The Creative Life

Let's Do Lunch, by Linda Holland Rathkopf

New and Updated

“At 72 years old, do I still need a résumé?” I ask the young receptionist who is bedecked in Goth attire, lounging behind the desk in the art gallery. She assures me that “No one gets to meet the art director unless they present a résumé.  And, even then, he’s so busy, he might not get to it for weeks, months—or even a year.”

 

“A year?” I echo. “Do I look like someone who has a year to wait?” I point to my jowls. She doesn’t budge. I point to the black up-to-my-knee boot I’ve been wearing since I fell after a bicyclist sideswiped me in the street.

Her dark eyes peruse my body. Unfazed, she replies, “You will have to wait as long as you have to wait.” Nice.
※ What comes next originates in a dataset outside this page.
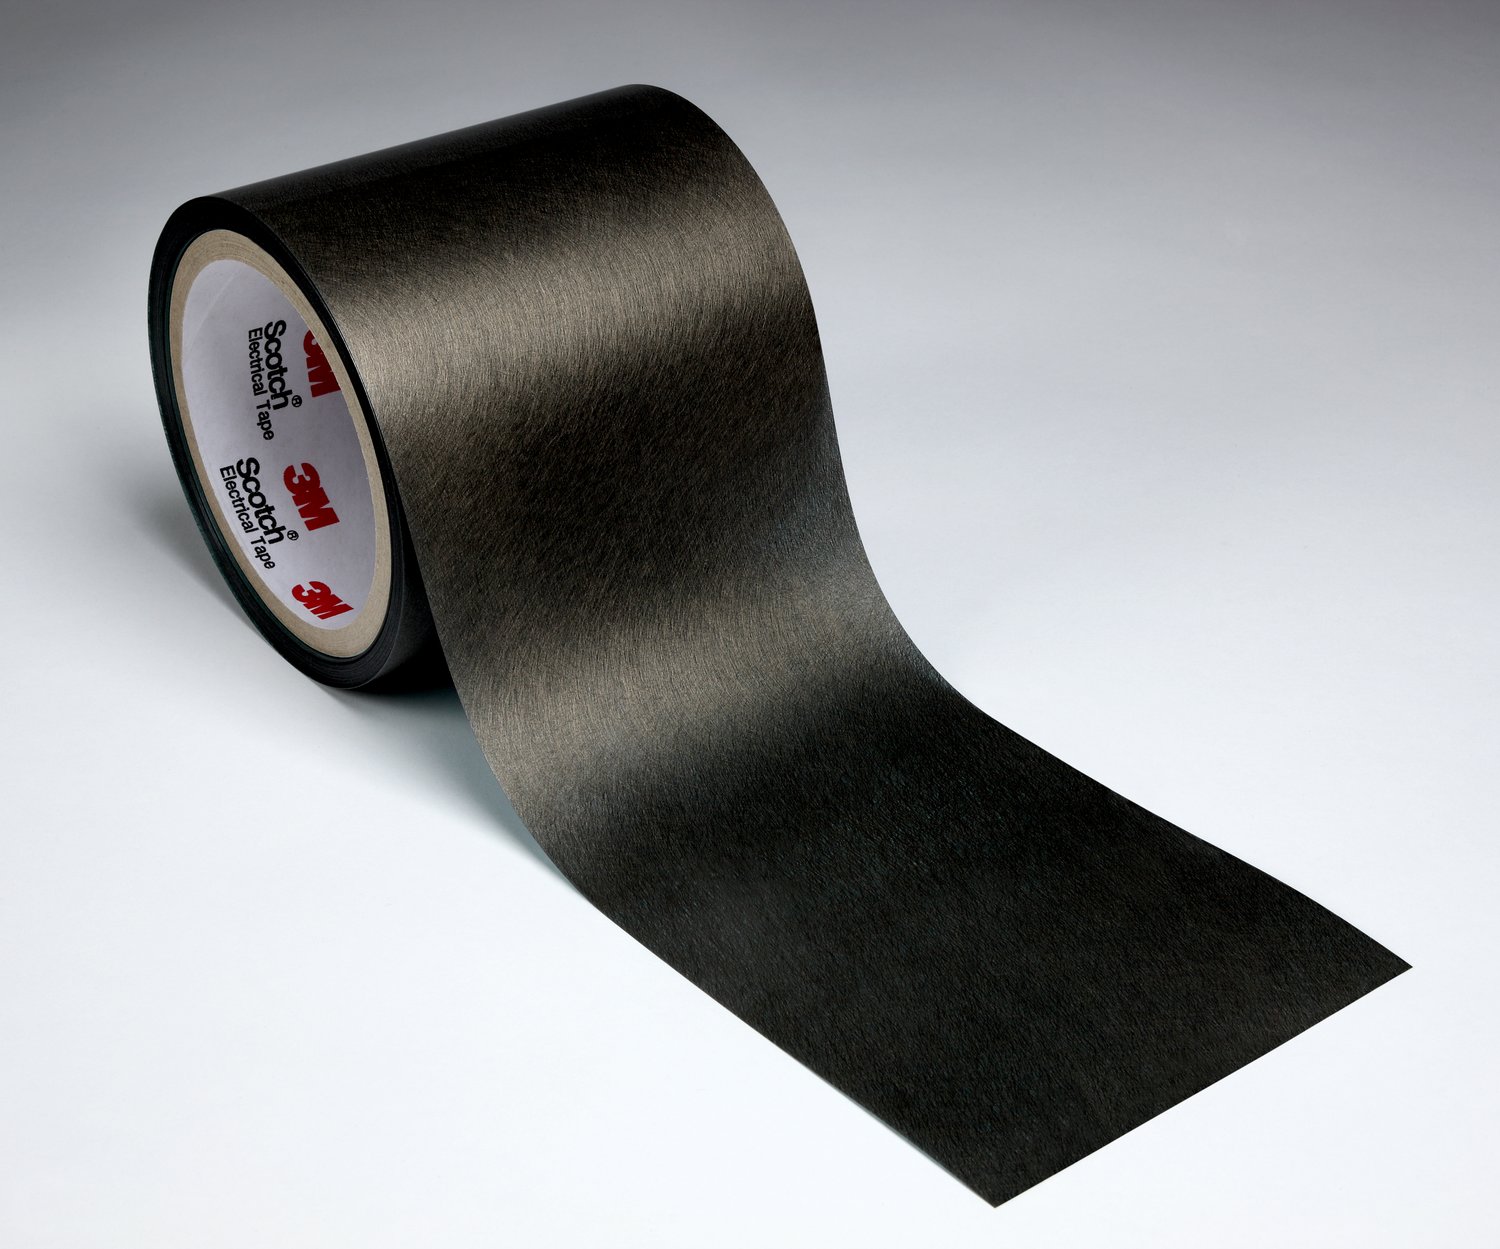 7010405215 - 3M XYZ-Axis Electrically Conductive Adhesive Transfer Tape 9720S, 500
mm x 100 m, 30 um

Undaunted, I forge on. “But look, I have slides, awards, reviews, newspaper and magazine articles about my work. I was the sole artist whose work was displayed at Lincoln Center’s twentieth anniversary.” I expect her eyes to light up.

“When was that?” she asks, disinterested, taking a bite out of her sandwich.

“Nineteen seventy-nine,” I reply.

She takes another bite. “Anything since then?”

I can’t decide whether she’s being sarcastic, snide, or is just plain dumb. And I’m having a difficult time taking my eyes off the lettuce dangling from the side of her mouth that seems stuck in the silver hoop on her lip.

It seems clear that we are not communicating well. But I am persistent, a benefit of age.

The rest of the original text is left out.